Entscheidungsstichwort (Thema)
Keine Protokollierungspflicht der für die Beweiswürdigung bedeutsamen Interaktionen; Unmittelbarkeit der Beweisaufnahme
Leitsatz (NV)
1. Nach § 160 Abs. 3 Nr. 4 ZPO sind in der Niederschrift über die mündliche Verhandlung “die Aussagen der Zeugen” festzustellen. Begleitumstände der Aussagen wie etwa die Körpersprache der Zeugen bei der Vernehmung oder Kommentare der Prozessbevollmächtigten hierzu sowie sonstige Formen der für die Beweiswürdigung bedeutsamen Interaktionen (z.B. gemeinsames Gelächter) müssen nicht auf der Grundlage dieser Vorschrift protokolliert werden.
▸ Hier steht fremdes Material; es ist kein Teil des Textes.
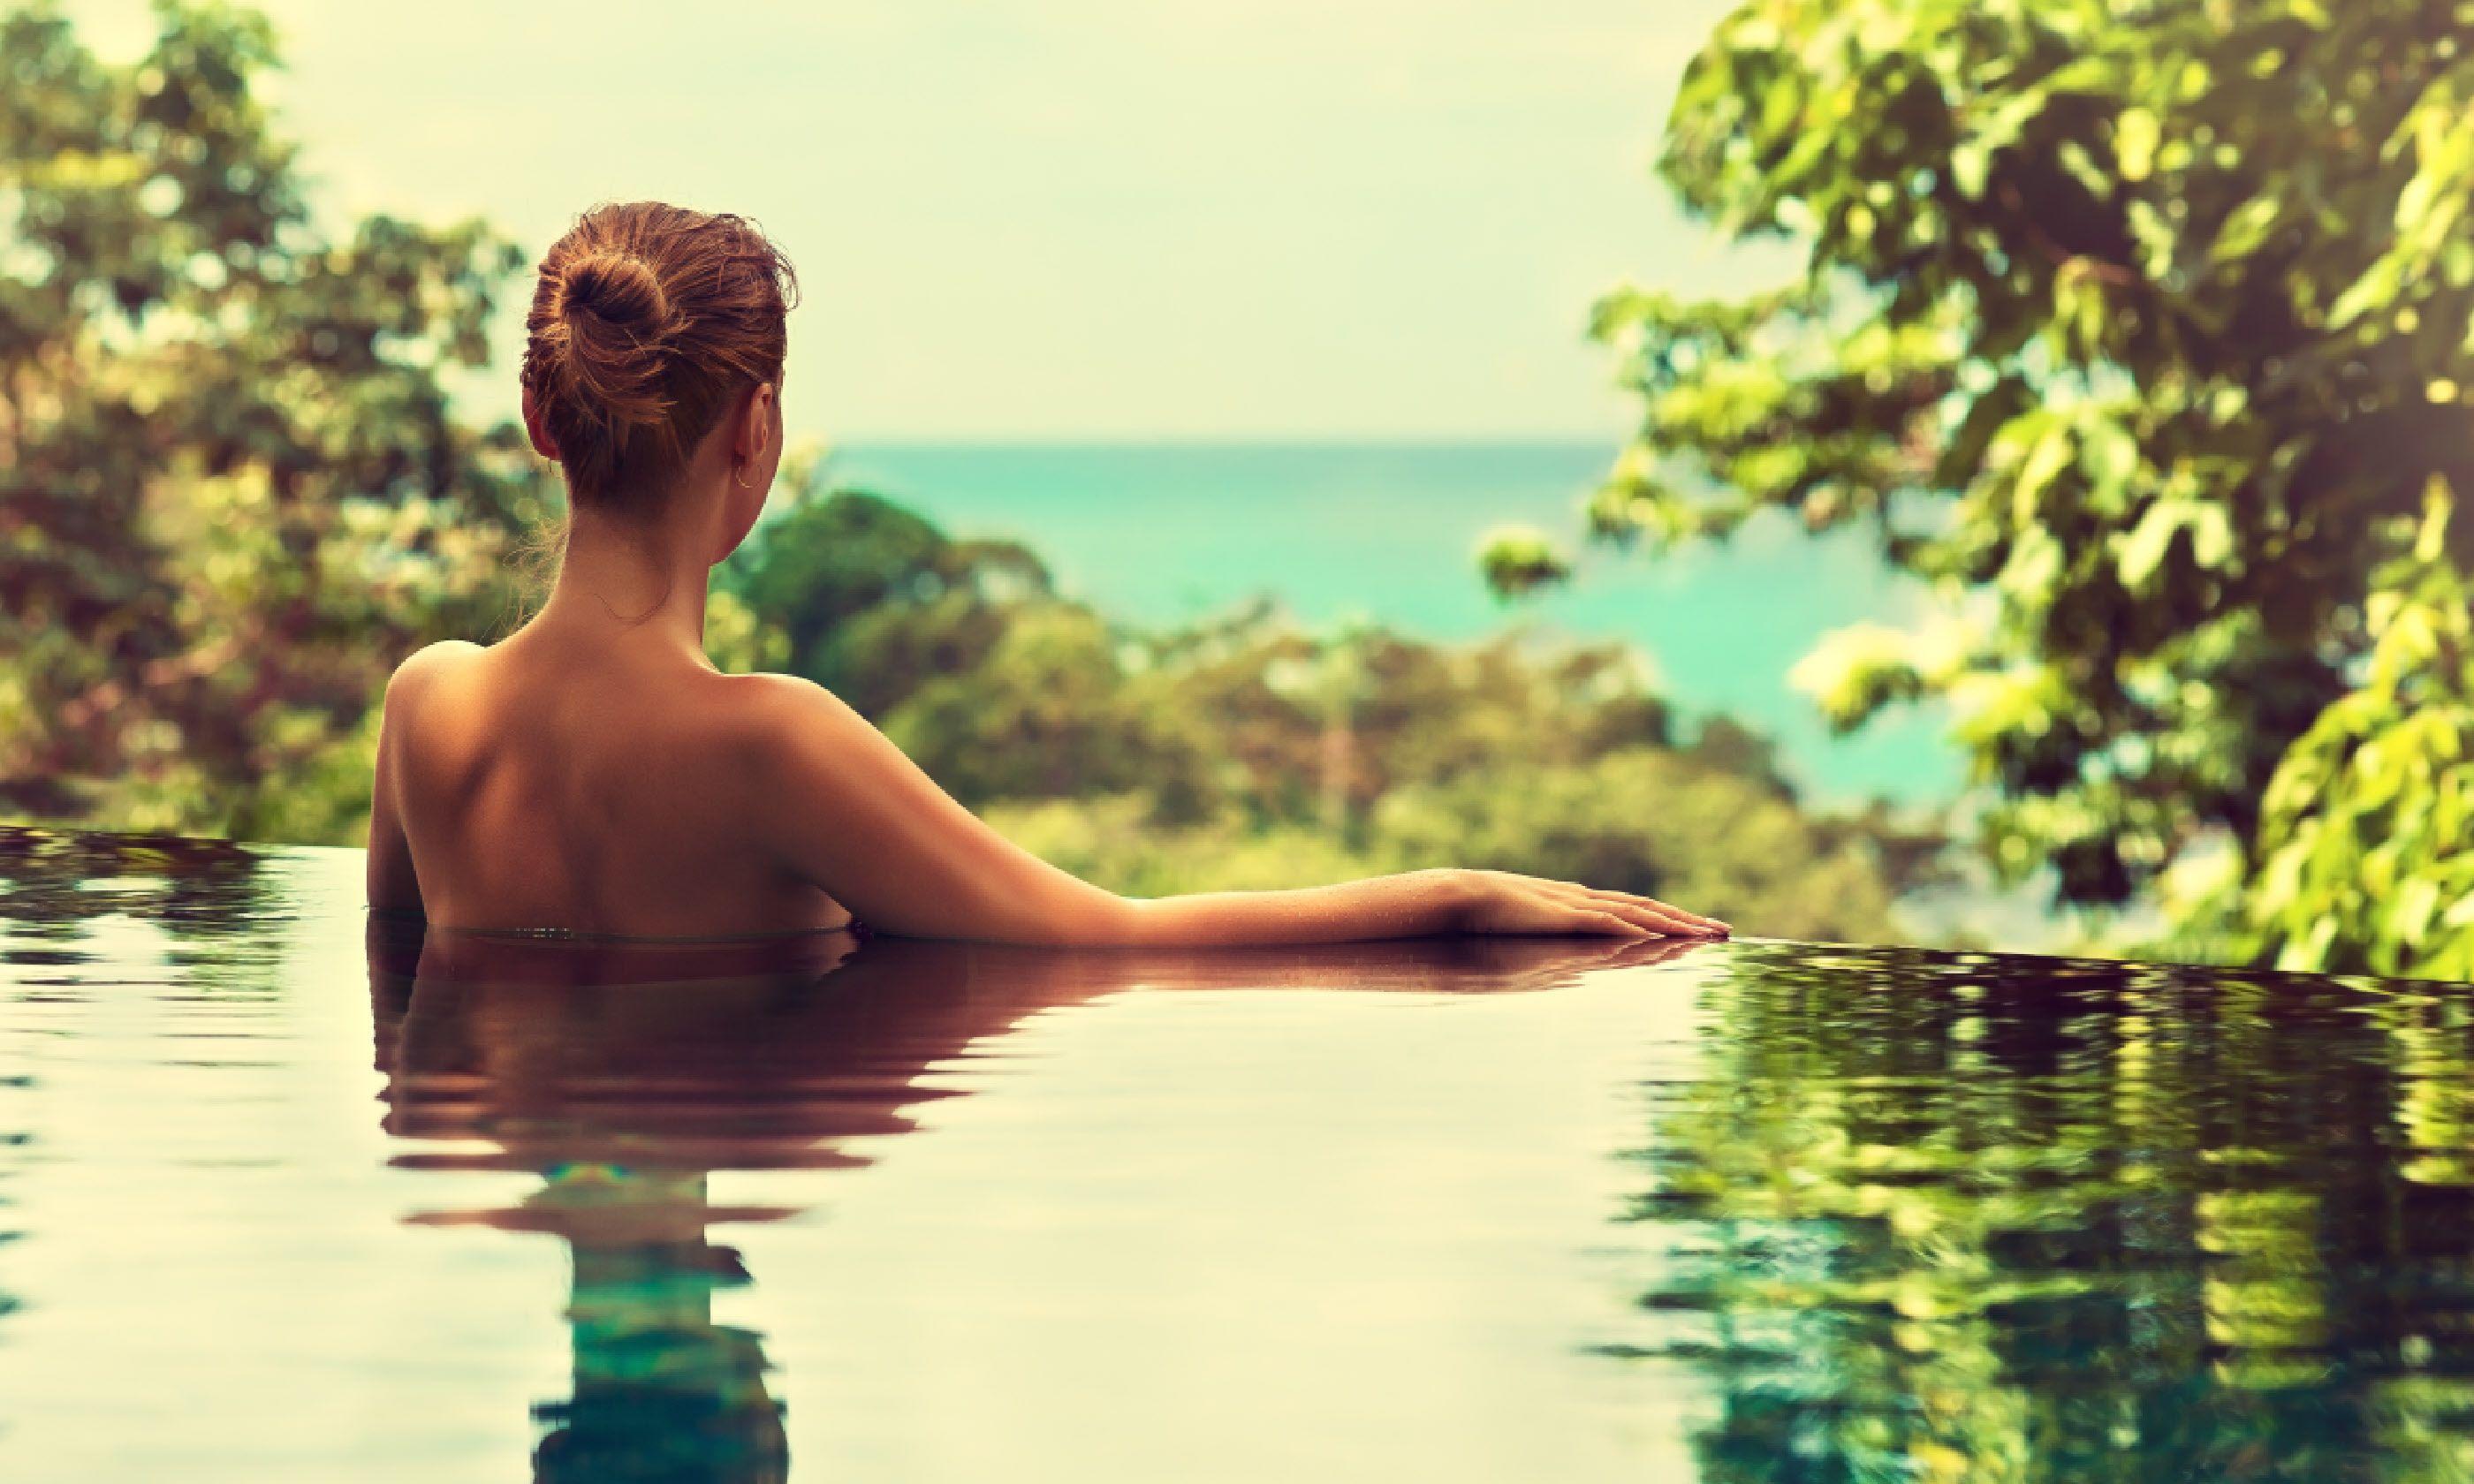 Sunbathing and spa treatments, Bali (Shutterstock)
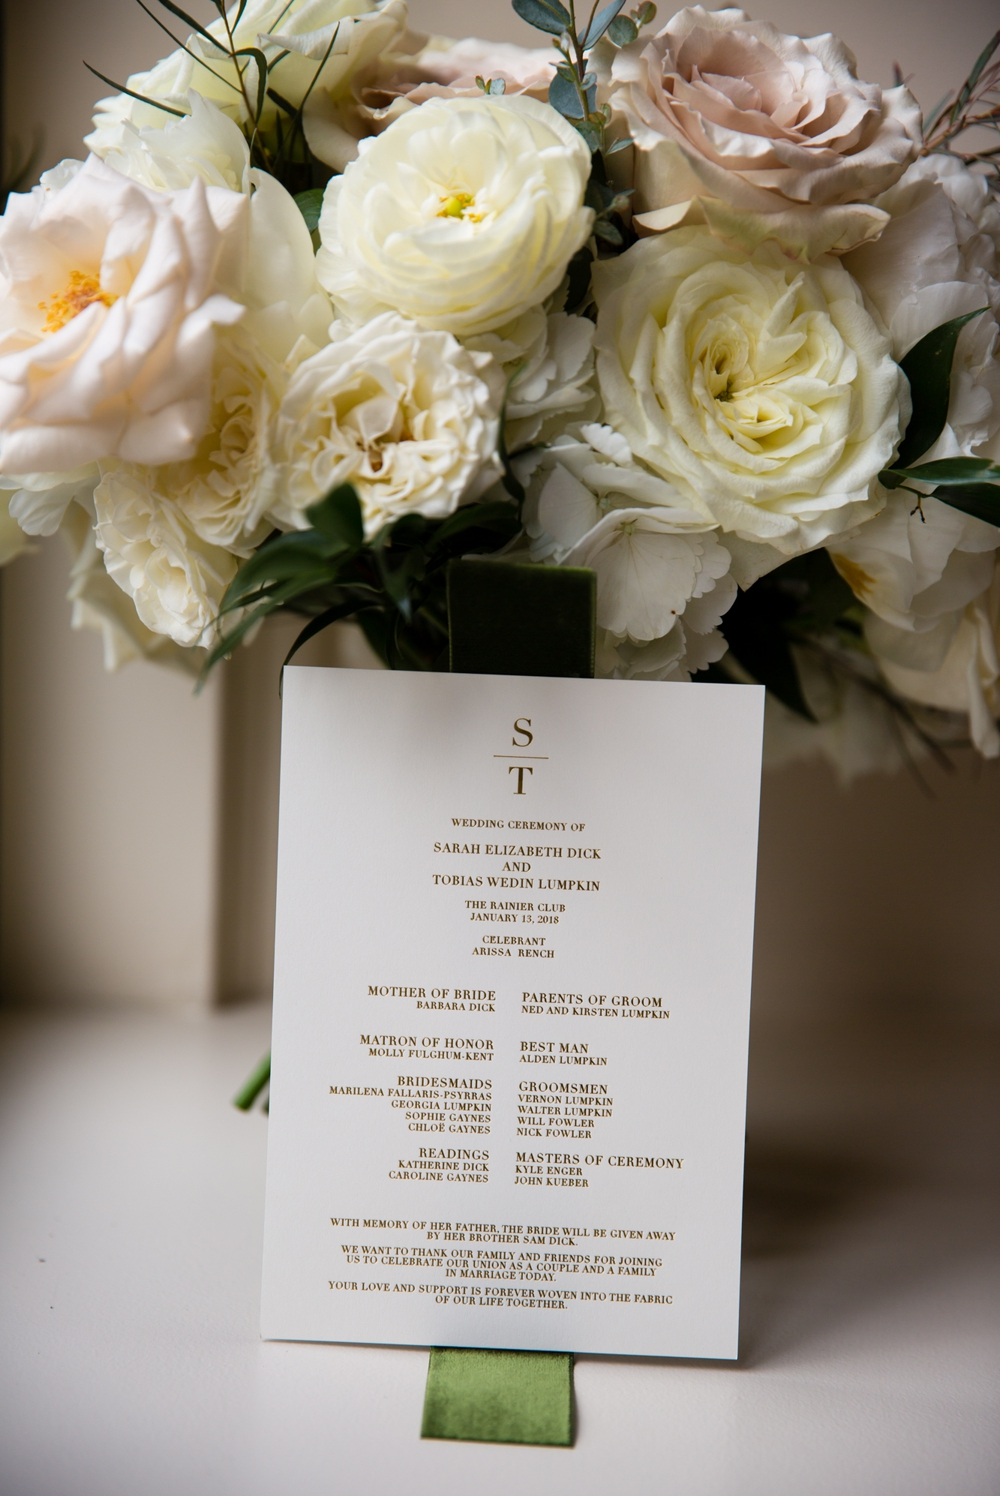 wedding-program-and-bouquet

2. Der Grundsatz der materiellen Unmittelbarkeit der Beweisaufnahme verbietet dem Gericht lediglich, anstelle des erreichbaren unmittelbaren Beweismittels ein bloß mittelbares heranzuziehen. Der Unmittelbarkeitsgrundsatz ist aber nicht verletzt, wenn das Gericht die für die Sachverhaltsaufklärung wichtigen Zeugen hört und ihnen aufgrund des Inhalts beigezogener Akten anderer Gerichte und Behörden Vorhaltungen macht. Auch zur Beurteilung der Glaubwürdigung der Zeugen ist die Berücksichtigung des Akteninhalts und der Ergebnisse früherer Zeugeneinvernahmen geboten.
Normenkette
FGO § 76 Abs. 1, §§ 81, 96, 115 Abs. 2; ZPO § 160 Abs. 2, 3 Nr. 4
Verfahrensgang
FG Köln (Urteil vom 15.03.2006; Aktenzeichen 12 K 6604/01) |
Gründe
Die Beschwerde ist unbegründet und daher zurückzuweisen (§ 116 Abs. 5 der Finanzgerichtsordnung --FGO--).
Es kann dahinstehen, ob die Kläger und Beschwerdeführer (Kläger) alle von ihnen geltend gemachten Verfahrensrügen entsprechend den Vorgaben des § 116 Abs. 3 Satz 3 FGO dargelegt haben. Die gerügten Verfahrensmängel liegen jedenfalls nicht vor.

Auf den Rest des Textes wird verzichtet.